Local Lighting Implementation
• One raycast is required for each quad, for each light source! This can be expensive.
• To accelerate raycasts, I made a simplified version of my scene that was virtually indistinguishable for raycasting purposes.
• 13028 quads reduced to 120 polys, 110 cylinders
• Some cylinders used as geometry, some as bounding volumes
Overall Performance
• Again, 8 CPUs on 500 iterations:
• Iteration only: 21.64 s
• Communication only: 5.96 s
• Iteration plus communication: 26.84 s
• All computation: 65.7 s
• All computation plus communication: 64.38 s
Remarks on Performance
• The communication overlaps very well with the computation, to the point that it is actually a speedup. (!)

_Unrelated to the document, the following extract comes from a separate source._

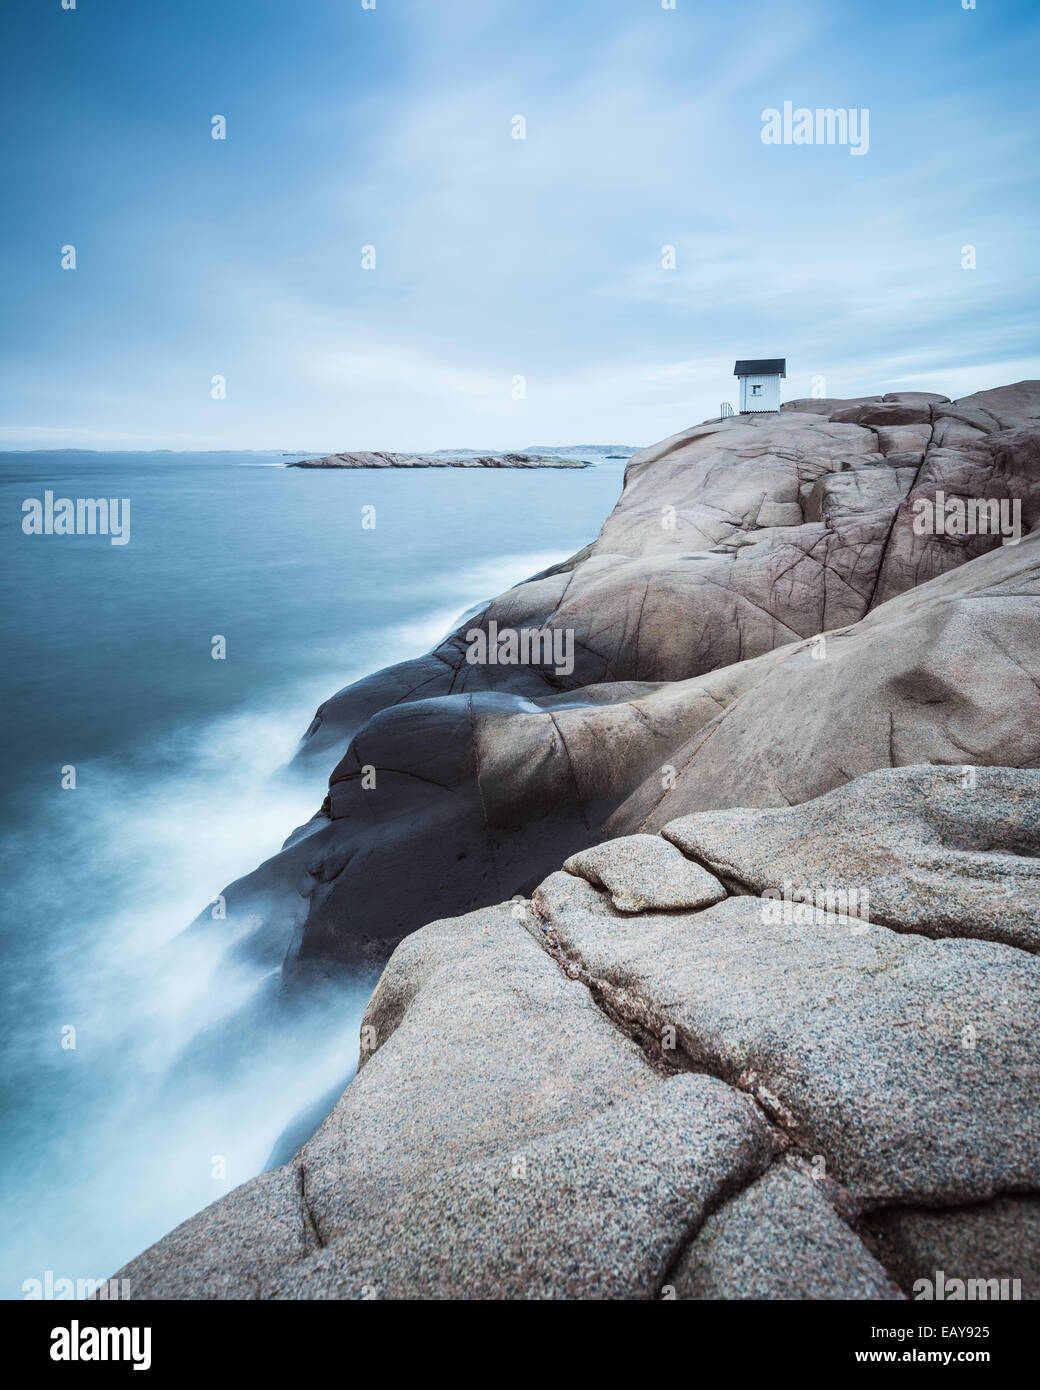 Kabine auf Klippe in der Nähe von Meer mit dramatischer Himmel Stockbild

• MPI_Isend, MPI_Irecv are essential to achieving this.
• The O(n) local lighting computation is actually taking much longer than the O(n2) radiosity computation.
• Local lighting is only pseudo-O(n), because of the raycast cost—although for large scenes, raycast cost should still be much less than O(n2), due to other optimizations.
• Separate client application that runs on a Windows PC with OpenGL acceleration.
• Radiosity solver running on cluster is server.
• Original plan was that the frontend would send the scene to the server, and the server would use the scene provided.
• Since the cluster has no OpenGL acceleration, I was reluctantly forced to precompute form factors.
• All aspects of scene except form factors still sent to the server by the client; form factors are read from disk.
Client/Server Architecture
• User precomputes form factors and FTPs them to the Beowulf.
• Server listens on beowulf.lcs.mit.edu:5353.
• Client connects and sends scene information.
• Server reads form factors off of disk.
• Both open a network thread.
• Server streams radiosity to client via TCP/IP.
• Computation, rendering, and communication are completely decoupled.
Frontend Features
• Per-vertex or per-pixel local lighting, with local viewer. Optional specular.
• Shadows implemented using stencil buffer.
• Display radiosity input/output (E and B).
• Bilinear filtering of radiosity solutions on grid-shaped surfaces.
• Ultra-high-quality mode where radiosity is used for indirect lighting only.
Work Yet to be Done
• More complex scene would be nice. This one is 13K quads, and I should be able to do 50K.
• More optimization work on raycasting.